# Quarry near Rudgwick



## the harvester (Jun 21, 2009)

Whilst out looking for places the other day I noticed an old brick-working quarry on a map and decided to have a look, I was out with my family so as it was a nice day we parked up and had a stomp through the woods and soon entered the location, this is my first thread here so hope you enjoy it, I am by no means a photographer and only own a basic digi-cam.
Tranquil view across quarry



quarry path



deep water sign



corner of house



old house



door,or lack of



nice bathroom



toilet



kitchen,incorporating crows nest



retro wallpaper



dining room?



upstairs bedroom,no floor



view to upstairs and through roof



stairway



dead bird at doorstep



back of house



view across quarry from house



all in all a good explore but couldnt get upstairs as the floors were really dangerous.


----------



## Misstee (Jun 21, 2009)

Interesting first report there.
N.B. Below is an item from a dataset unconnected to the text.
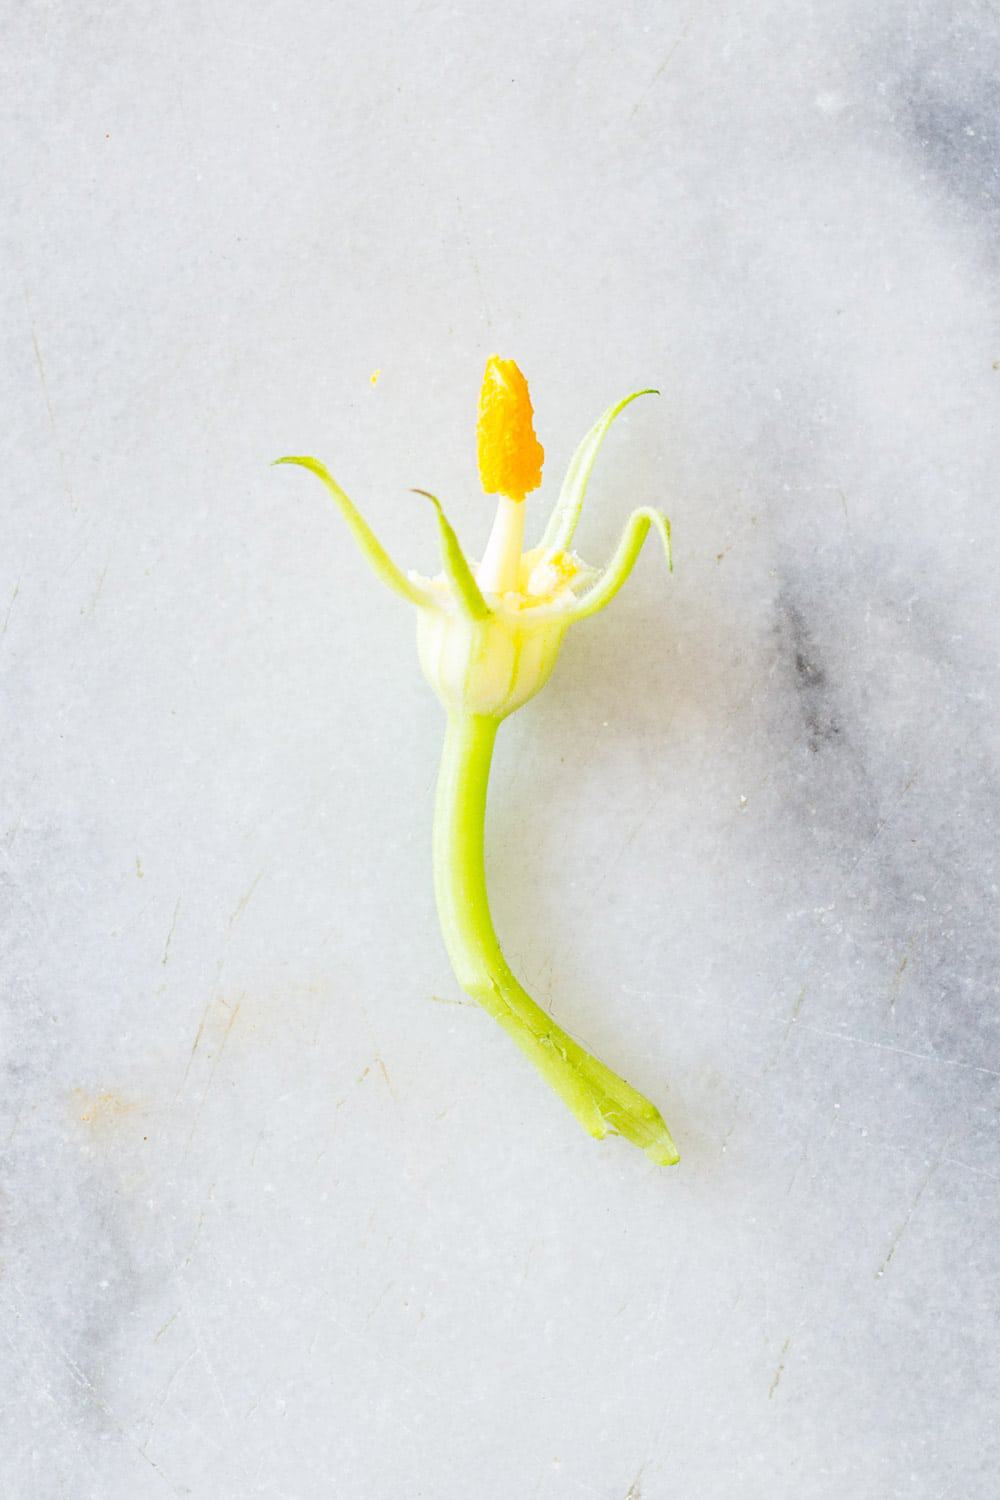 A single open Squash Blossom on a marble surface.

Pics are fine. Bet it was a nice house in it's day. Wonder when it all closed?


----------



## smileysal (Jun 22, 2009)

The house is in a lovely setting. Love the water now in the quarry. Excellent find, and good pics too. 

Cheers,

 Sal


----------



## graybags (Jun 22, 2009)

*mmm*

The pizza looked a bit rank though, and that wallpaper in the kitchen ? 

G


----------



## klempner69 (Jun 22, 2009)

Good effort Harvester,I agree that the house would have been a nice place once,and that Belling hotplate is a relic.Nice wallpaper too...


----------



## BigLoada (Jun 22, 2009)

Where is the underground bit?


----------



## Foxylady (Jun 22, 2009)

Great little house and setting. I love the general quarryness around the house in your 4th pic. 
Interesting stuff, Harvester.


----------



## crickleymal (Jun 22, 2009)

BigLoada said:


> Where is the underground bit?



I wondered that too. Interesting explore though.


----------



## the harvester (Jun 22, 2009)

It is not underground (obviously) but the forum for this stuff says it should go here?????????


----------